Intimidasi Wartawan, Sopir Sambo Didemosi Setahun

KEADILAN – Bharada Sadam atau eks sopir dan ajudan Ferdy Sambo dijatuhi sanksi demosi selama satu tahun dalam Sidang Etik Polri. Ia terbukti melakukan intimidasi kepada dua jurnalis ketika meliput di rumah Ferdy Sambo di Komplek Polri Duren Tiga, Jakarta Selatan, Kamis siang, 14 Juli 2022 lalu.

Kabag Penum Divhumas Polri Kombes Nurul Azizah menjelaskan, meskipun telah dijatuhi sanksi demosi, Bharada Sadam tidak mengajukan banding.

“Atas putusan tersebut pelanggar menyatakan tidak banding,” jelas Kombes Nurul Azizah dalam konferensi persnya, di Mabes Polri, Selasa (13/9/2022).

Kombes Nurul Azizah menambahkan bahwa Bharada Sadam telah melakukan pelanggaran berupa tidak menjaga citra, kredibilitas, reputasi dan kehormatan Polri di masyarakat.

Sidang terhadap Bharada Sadam dilakukan pada Senin (12/9/2022) kemarin di Gedung TNCC Mabes Polri, Jakarta Selatan sejak pukul 13.00 WIB hingga 17.00 WIB.

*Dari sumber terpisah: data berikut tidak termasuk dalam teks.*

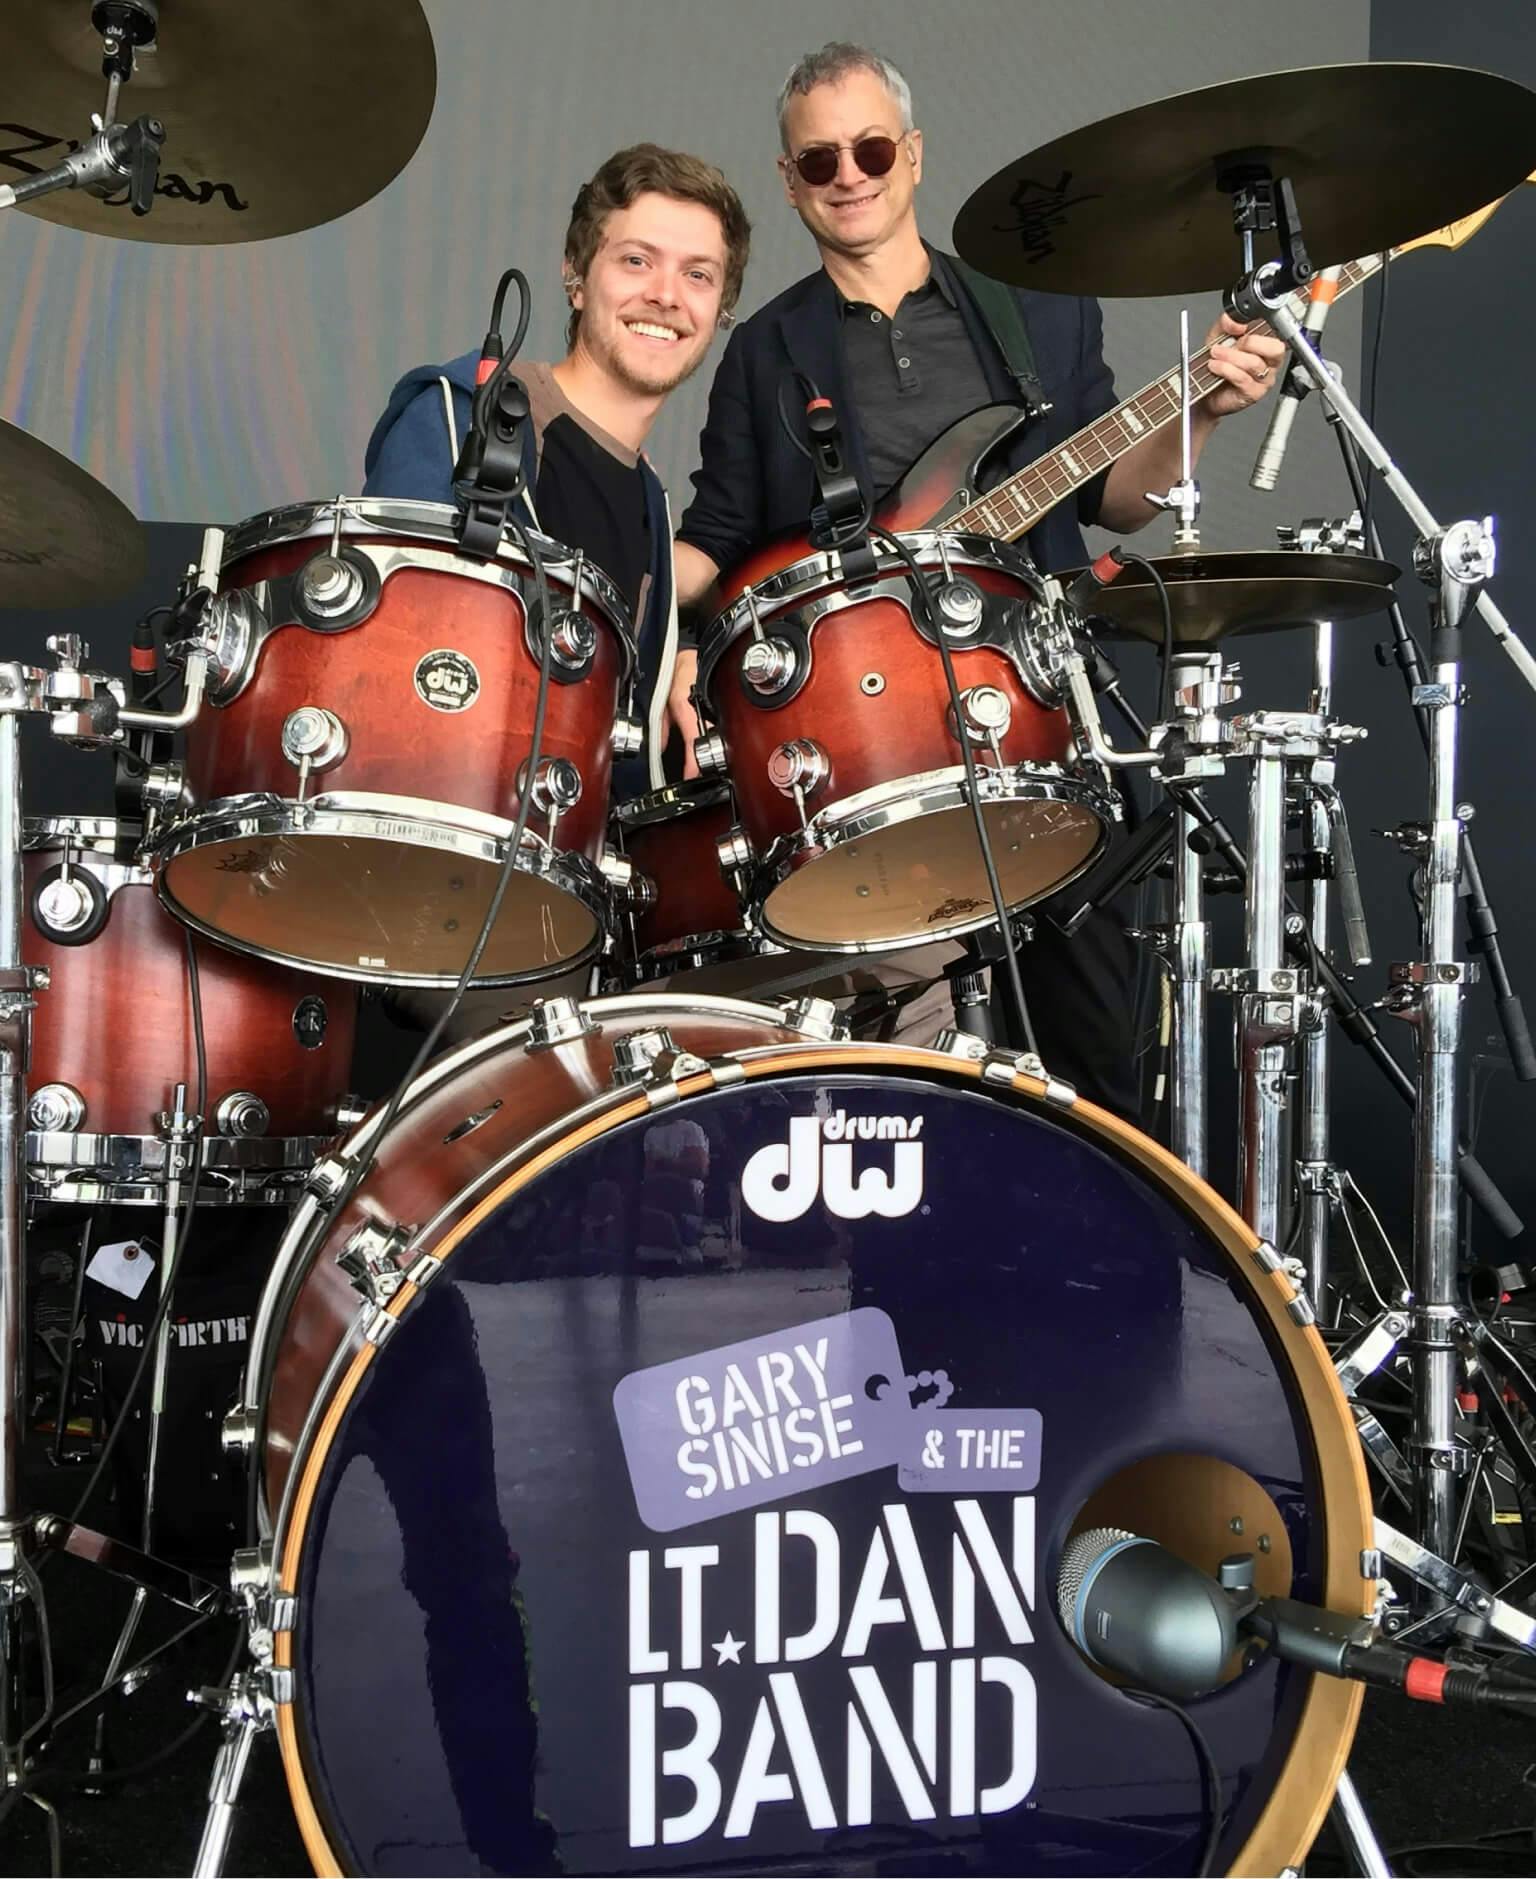 Mac with his father performing with the Lt. Dan Band.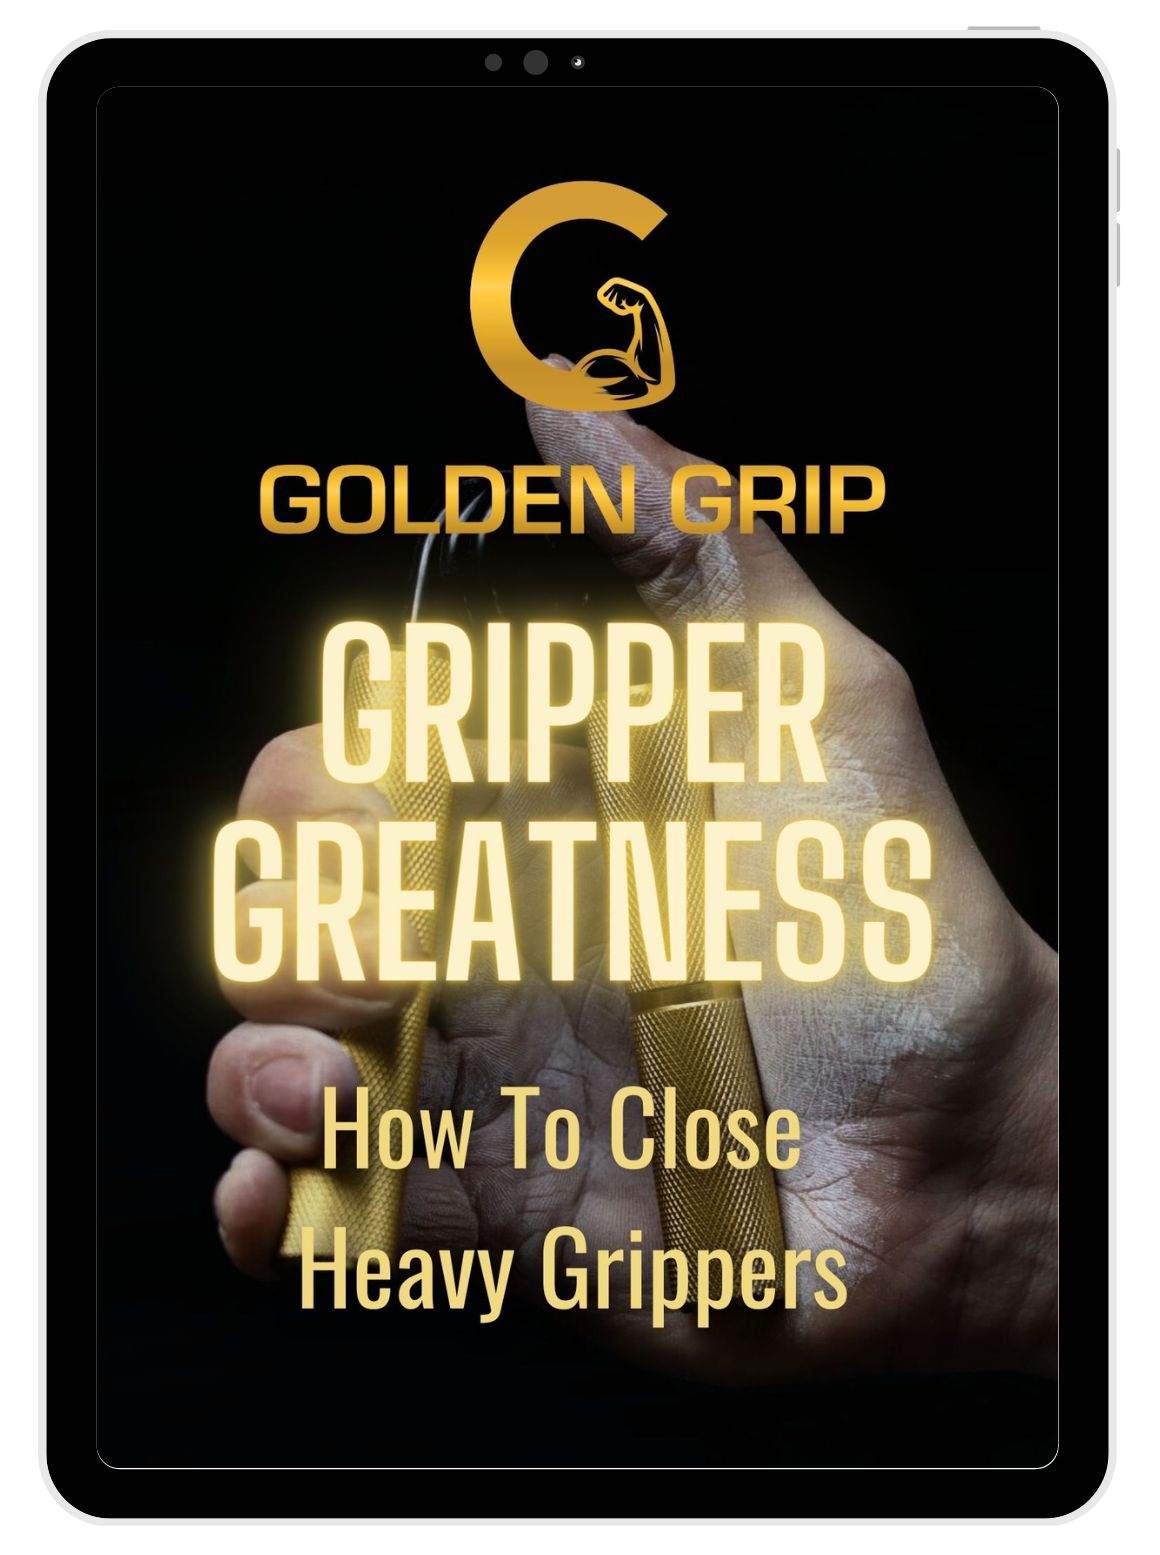 Gripper Greatness: How To Close Heavy Grippers Ebook

Diketahui, bahwa sebelumnya Bharada Sadam melakukan penghapusan foto,video serta rekaman hasil wawancara di handphone milik kedua jurnalis tersebut. Tak hanya itu, jurnalis tersebut tidak diperbolehkan melakukan liputan diarea itu terlalu jauh.

Bharada Sadam telah dimutasi ke Yanma Polri. Mutasi ini tertuang dalam ST/1751/VIII/ KEP./2022.

Komisaris Besar Rahmat Pamudji saat membacakan putusan dalam sidang tersebut mengungkapkan perbuatan Bharada Sadam telah membatasi kebebasan pers.

“Adapun wujud perbuatan terduga pelanggar, di rumah Irjen Pol Ferdy Sambo, terduga pelanggar menghapus foto dan video yang berada di handphone dua wartawan detikcom dan CNN, di mana perbuatan tersebut telah membatasi kebebasan pers sebagaimana diatur dalam Undang-undang Nomor 40 tahun 1999 tentang pers,” tutur Rahmat.